Alguns sistemas divinatórios acreditam que cada momento que vivemos faz parte de uma harmonia cósmica que obedece a um certo “tom” ou diapasão. Cada instante do Tempo tem um fator que lhe é característico, algo como uma cor ou uma nota musical.
Cabe ao adivinho captar esse fator e interpretar as ações passadas e futuras do consulente de acordo com esse vislumbre. Alguns jogam búzios, e interpretam o momento de acordo com as posições em que os búzios caem, as configurações que eles formam quando se imobilizam.
Outros, que praticam o I-Ching, fazem o mesmo ao escolher varetas de diferentes extensões, ou ao atirar moedas, e com isto compor hexagramas de linhas inteiras ou partidas.
O que é a posição dos búzios, ou o hexagrama assim obtido? É uma polaróide daquele instante, e revela, para o olho treinado do adivinho, qual é o “clima” daquele momento, sugerindo assim de que maneira o cliente pode se comportar para estar em harmonia com o ritmo das coisas.

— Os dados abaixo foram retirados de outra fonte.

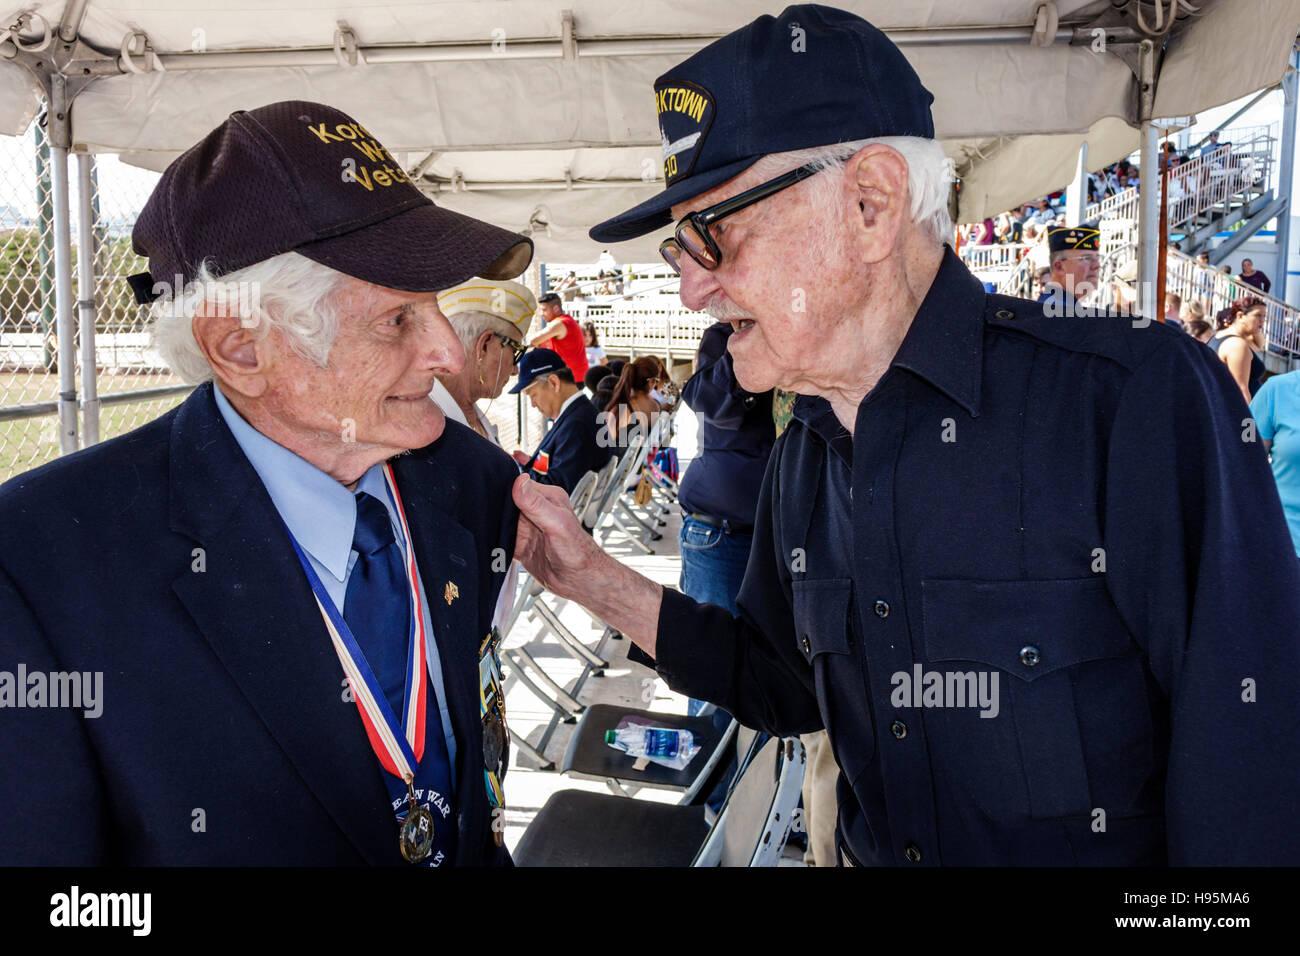 Miami Florida Beach Veterans Day celebration activities Korean War Veteran senior friends talking reminiscing - Stock Image

O I-Ching pronuncia aquelas sentenças meio misteriosas, tipo “é conveniente atravessar a grande água” ou “o governante sábio pensa duas vezes antes de agir”. Isto não é, para quem acredita no sistema, um simples conselho – e conselho, afinal, qualquer um pode dar a qualquer um. É uma revelação sobre a dinâmica das forças do Universo naquele momento. Quem tem juízo marcha de acordo com ele.
O Repente tem algo em comum com estes processos. Feito na hora, no calor do momento, ele brota da mente de um poeta que está totalmente concentrado naquilo que faz, e compõe versos onde estão misturadas as suas emoções e as emoções da platéia, os assuntos que foram abordados até então, os acontecimentos da cidade e do mundo naquele dia, as pessoas presentes, os pequenos detalhes fortuitos que a todo instante se intrometem na cantoria.
Tudo isto são búzios e mais búzios que o poeta sacoleja no juízo e joga para o ar, ou, mais precisamente, são palavras que é preciso agrupar sempre em forma de sextilha, cuja semelhança gráfica com um hexagrama chinês nunca deixou de me maravilhar.
Certa vez, numa cantoria entre Otacílio Batista e Oliveira de Panelas, no Bar Canarinho, anotei esta sextilha de Oliveira:
Me rebolo como bola
me viro igual a bozó
de um lado sou como dado
do outro sou dominó
que se não tivesse os furos
seria uma coisa só.
É um ótimo verso, em que o poeta usa uma sucessão de formas geométricas.
Primeiro a bola, que caia como cair sempre cai do mesmo jeito.
Depois, o bozó ou dado, que é o contrário da bola, e a cada vez que é jogado cai revelando uma face diferente, servindo aqui como metáfora do próprio repente.
E por fim o dominó, que não é jogado ao acaso, mas deve ser conectado às peças que já saíram antes, e que, como a sextilha, tem a obrigação de “pegar na deixa”, rimando (no caso, numericamente) com a peça da ponta.
Será que o poeta pensou nisso tudo, ao compor o verso? Não importa. O Universo pensou por ele.